VNN1 in PC-Exos inhibits the AMPK/GAPDH/Sirt1/FoxO1 signaling pathway in islets. (A, left panel) p-AMPK levels in PC cells were determined using western blot analysis. β-actin was used as the loading control. (A, right panel) Following treatment with PC-Exos, p-AMPK levels in islets were examined using western blot analysis. β-actin was used as the loading control. (B) Following treatment with PC-Exos, nuclear-localized GAPDH in islets were examined using western blot analysis. Tubulin and Lamin B were used as the loading controls. (C) Following co-culture with PC-Exos, the interaction of GAPDH or FoxO1 with Sirt1 in islets was detected using co-immunoprecipitation. GAPDH, FoxO1 and Sirt1 were used as the loading controls. (D) Following co-culture with PC-Exos, acetylated-lysine of FoxO1 in islets was detected using co-immunoprecipitation. FoxO1 was used as the loading control. Data are presented as the mean ± SD (n=3).
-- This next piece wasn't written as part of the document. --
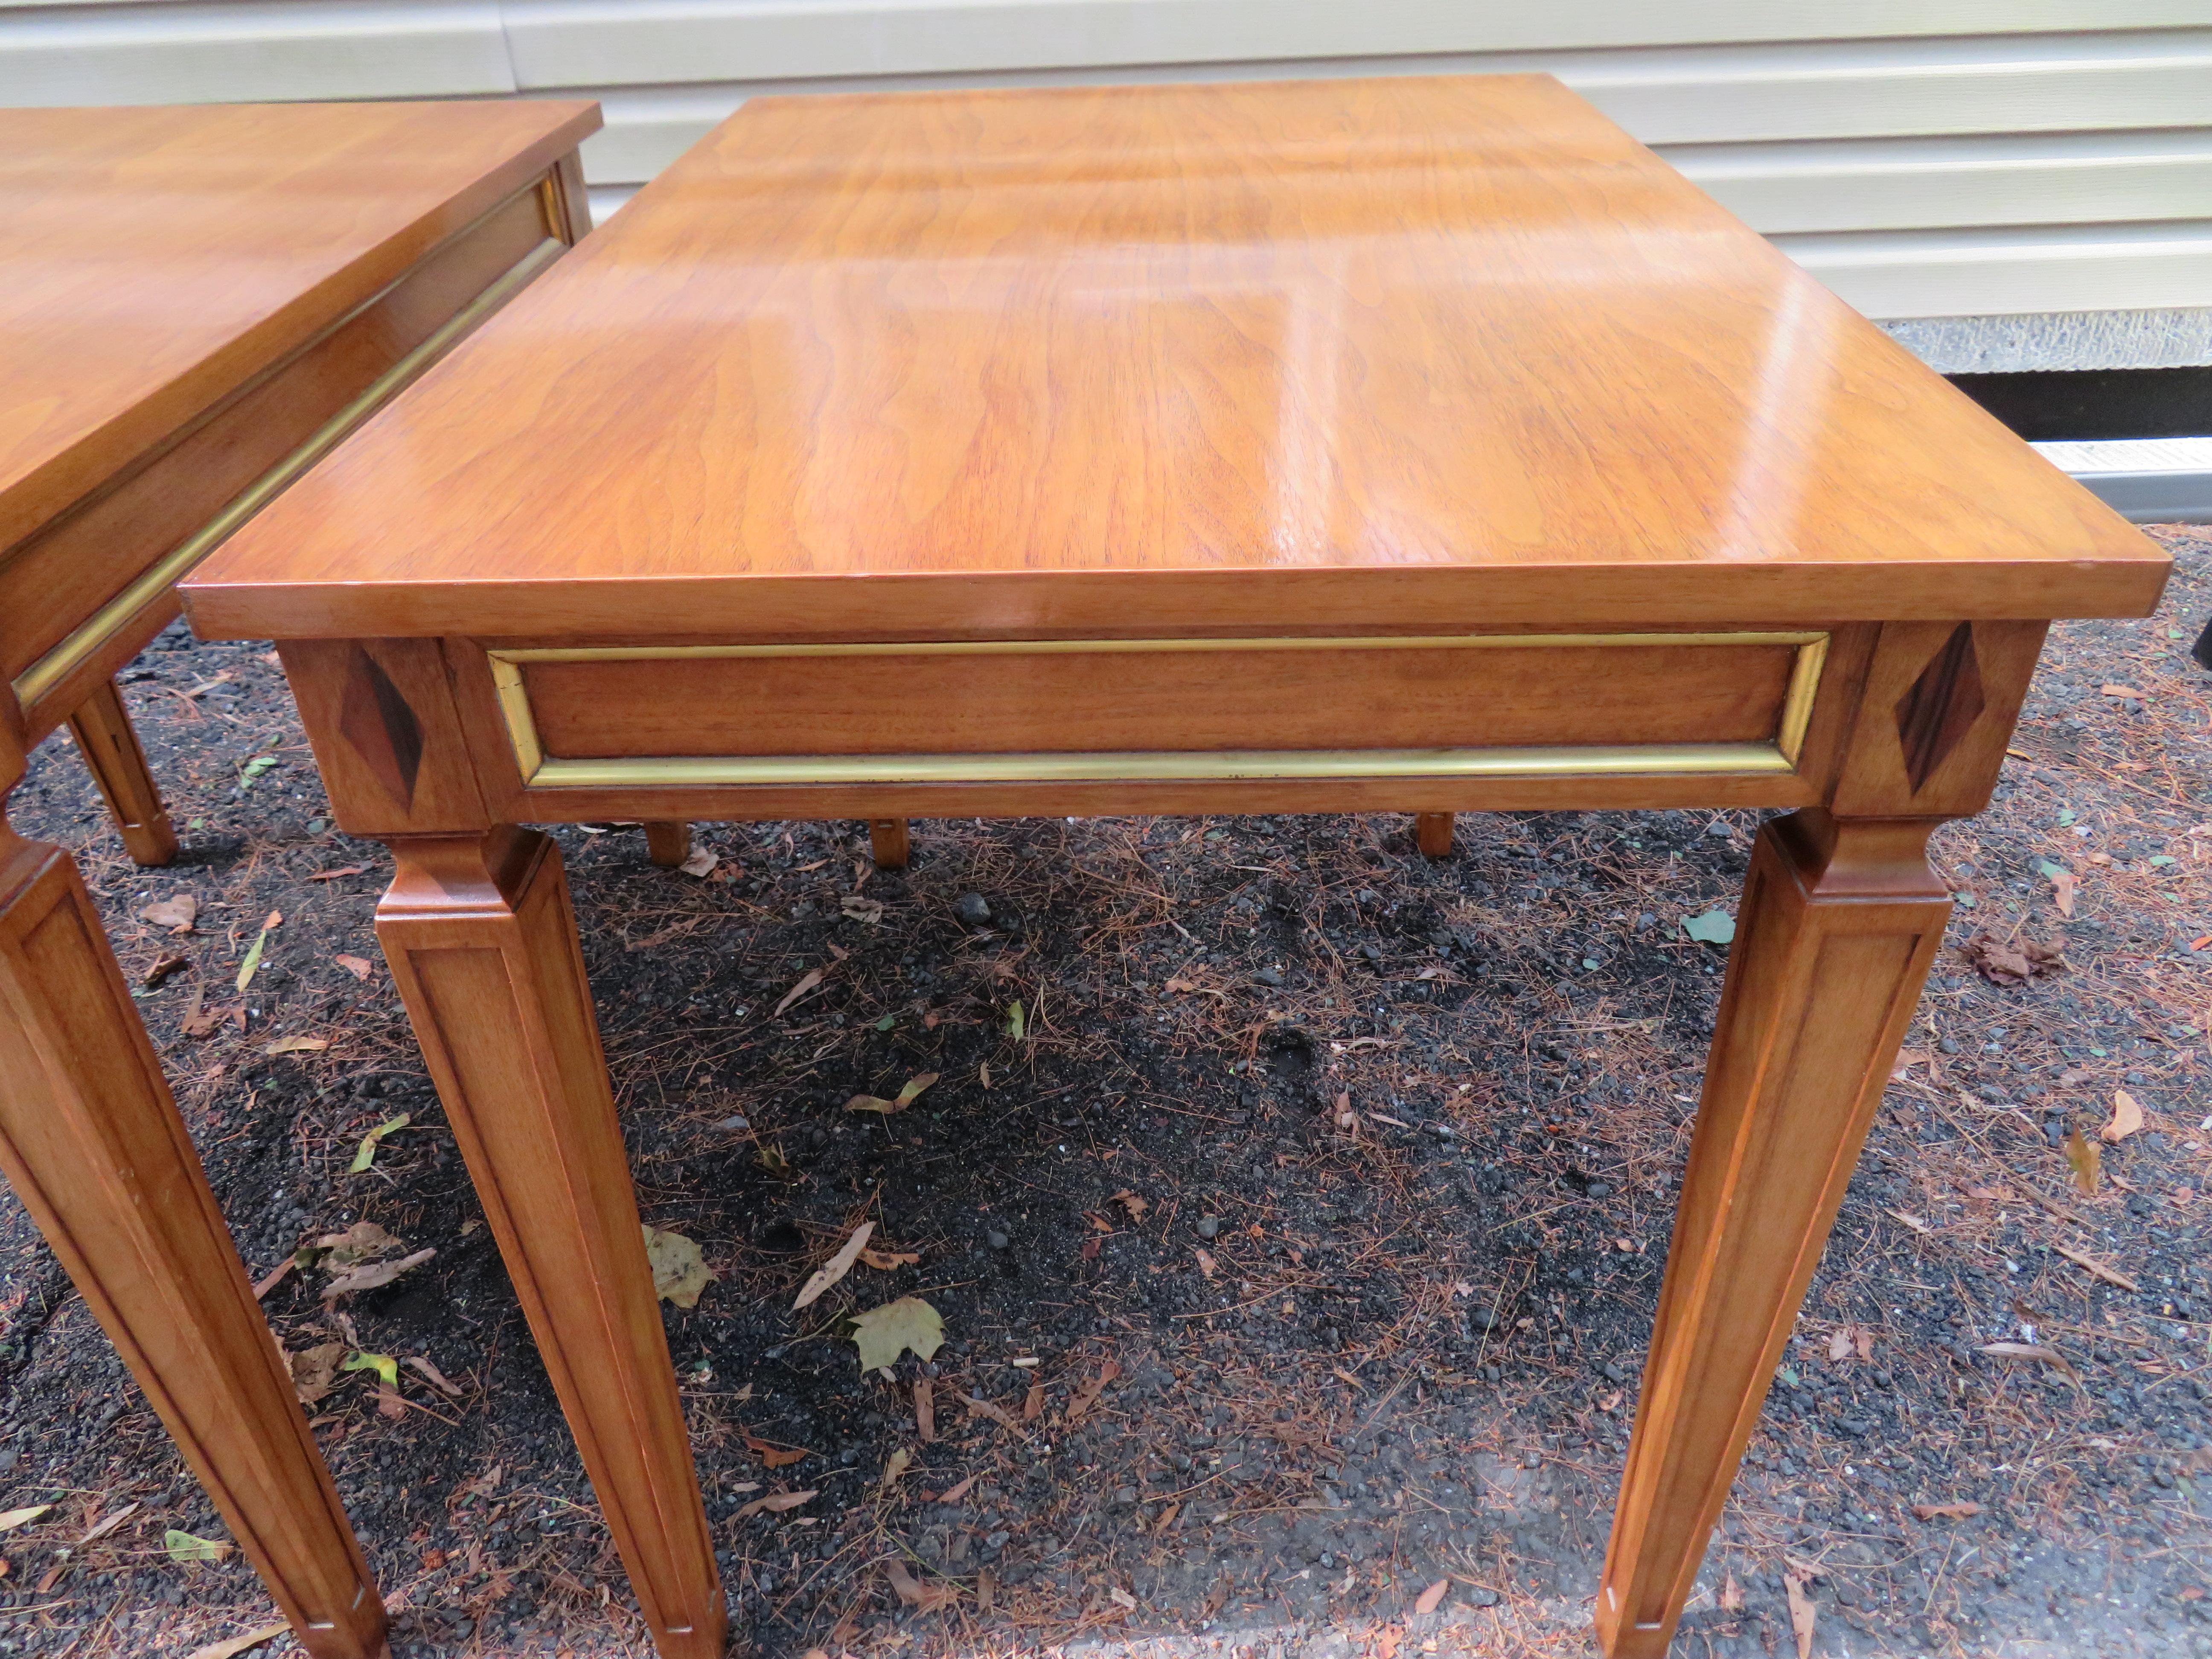 Handsome pair of Maison Jansen style walnut side end tables. These tables are well crafted and are in very nice vintage condition. They came from a magnificent home filled with the finest Regency modern furniture-looked like it was right out of a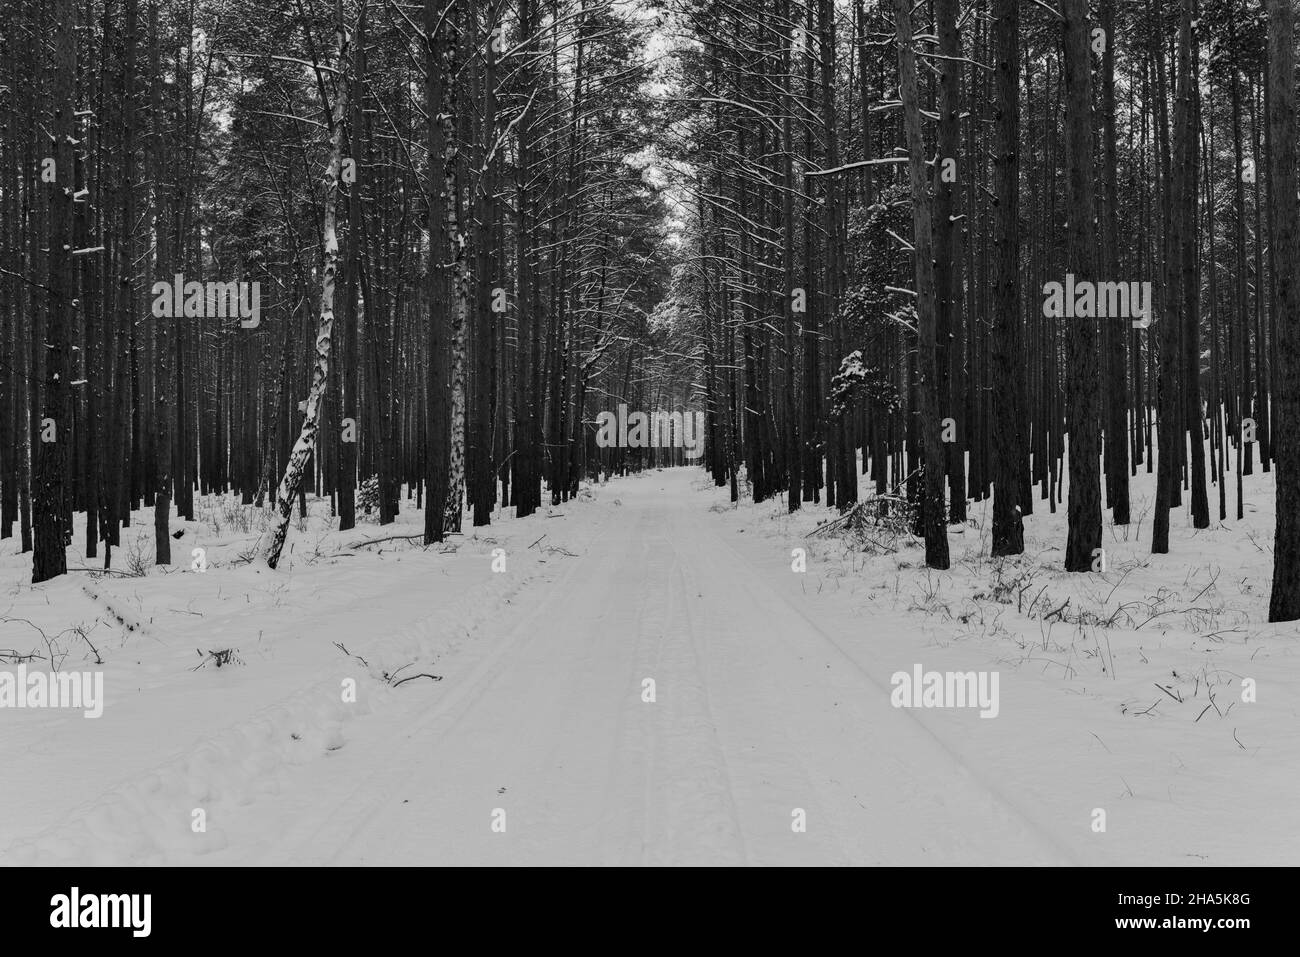 Forest Black and White Stock Photos & Images - Alamy

Data were analyzed using one-way ANOVA followed by Tukey's post-hoc test. *P<0.05 compared with the PANC-1 or PANC1-Exos group. p-, phosphorylated; Exos, exosomes; VNN1, Vanin-1; AMPK, AMP-activated protein kinase; PC, pancreatic cancer; PV, PANC-1 cells with the stable overexpression of VNN1; PE, PANC-1 cells transfected with empty vector.

Figure 6.

Secretions of VNN1-overexpressing PC cells aggravate islet dysfunction in vivo. (A and B) Average blood glucose levels of B6 diabetic mice before and after transplantation with 200 or 400 IEQ islets co-cultured or not with PC cells under the kidney capsule (5 mice in each group). (C) Immunohistochemical analysis of insulin in islets under the kidney capsule (indicated with black arrows). Data are presented as the mean ± SD (n=5). Data were analyzed using one-way ANOVA followed by Tukey's post-hoc test. *P<0.05, PV group compared with the PE group; ^#P<0.05, untreated group compared with the PE or PV group; ^$P<0.05 compared with untreated, PE or PV group at 14th week. IEQ, islet equivalent; VNN1, Vanin-1; PV, PANC-1 cells with the stable overexpression of VNN1; PE, PANC-1 cells transfected with empty vector.

Figure 7.

Schematic diagram illustrating the mechanisms through which VNN1 in PC cells induces β-cell dedifferentiation by inhibiting the AMPK/GAPDH/Sirt1/FoxO1 signaling pathway. (A) PC cell membrane acquires VNN1 by endocytosis and forms a small vesicle. (B) The multivesicular body fuses with the PC cell membrane and releases VNN1-containing Exos. (C) VNN1 is transferred into β-cells by PC-Exos and inhibits the phosphorylation of AMPK. (D) The phosphorylation of cytoplasmic GAPDH is inhibited by inactivated AMPK. (E) GAPDH is prevented from redistributing into the nucleus and interacting with Sirt1; hence, Sirt1 activity is inhibited. (F) Sirt1 is prevented from binding with FoxO1. (G) FoxO1 cannot be deacetylated. (H) β-cell dedifferentiation is initiated thereof. PC, pancreatic cancer; VNN1, Vanin-1; AMPK, AMP-activated protein kinase; FoxO1, Forkhead box protein O1; Sirt1, sirtuin 1.